Now the case for disassembly! It is possible to replace your pads one by one over a long timespan, and continue doing this for many many years. However, this has one serious drawback- you never clean the horn! Just as the oil in your car builds up particulate and becomes instead of a lubricant an abrasive and the oil must be changed, the oil inside your key rods will do the same. If you just keep adding key oil every year without ever taking it apart and cleaning it out, you are simply getting a more and more abrasive mixture in your keys, contributing to wear, which will turn into play in the keys, which will invite more particulate into the gaps and dry out the oil faster and the problem will accelerate and get worse over time and eventually need remedied by an expensive mechanical reconstruction of your keywork sooner than you would have needed one otherwise.

So your friends horn is at least 30 years old, and it seems like it has been played for much of that time. If you had been driving a car for 30 years and you took it somewhere for an oil change, would you be surprised to have the mechanic tell you that your car could use a lot more?

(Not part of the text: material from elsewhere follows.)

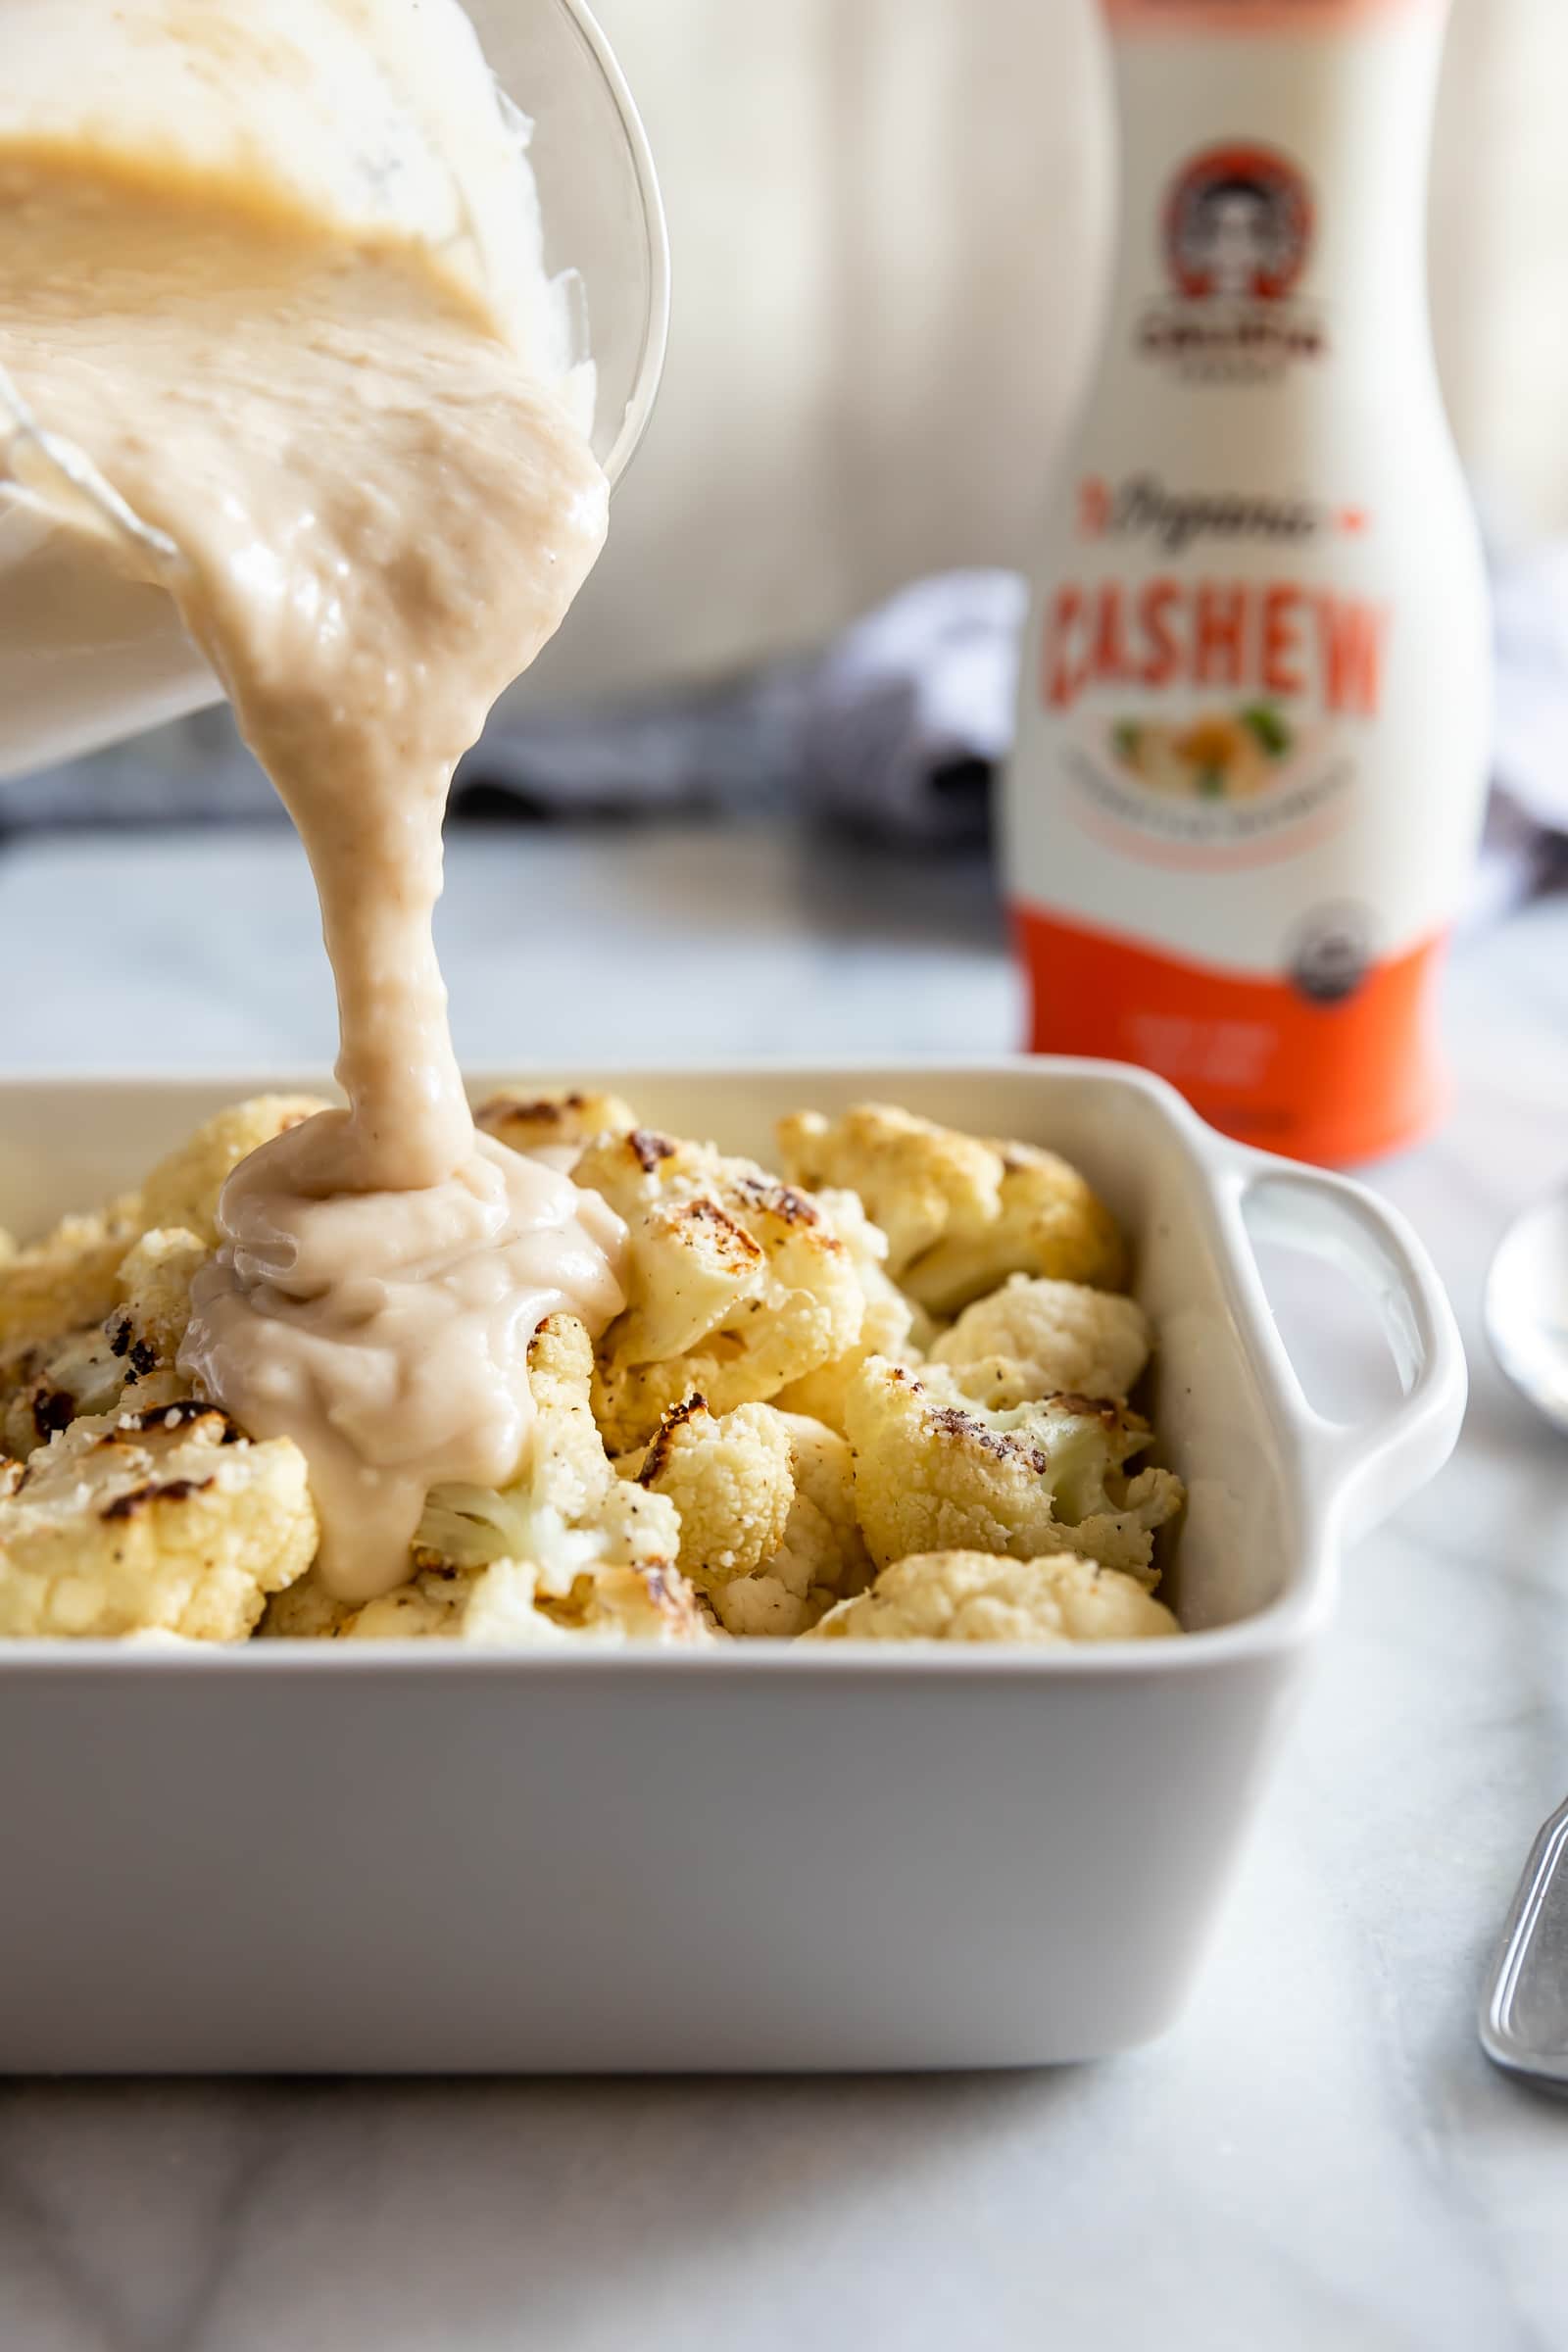 A deliciously creamy roasted cauliflower gratin made with a simple cashew cheese sauce then topped with a cheesy bread crumb topping.

Unless your friends horn has been fully repadded or overhauled sometime in the last 5-10 years, it is entirely feasible to do so again. Not only feasible, but good for the horn and a sound financial investment. With a good repad or overhaul, assuming the horn is not damaged later on, many of the larger procedures such as leveling toneholes, fixing dents, body bends, and mechanical reconstruction of the keywork only need to be done once every half-century!

I can't speak for all techs, but there are real and very well thought-out reasons I recommend what I recommend. I have your horns interest in mind. I am very aware of the high initial cost of doing things right, but it WILL save you money in the long run, and in the meantime your horn will be playing better.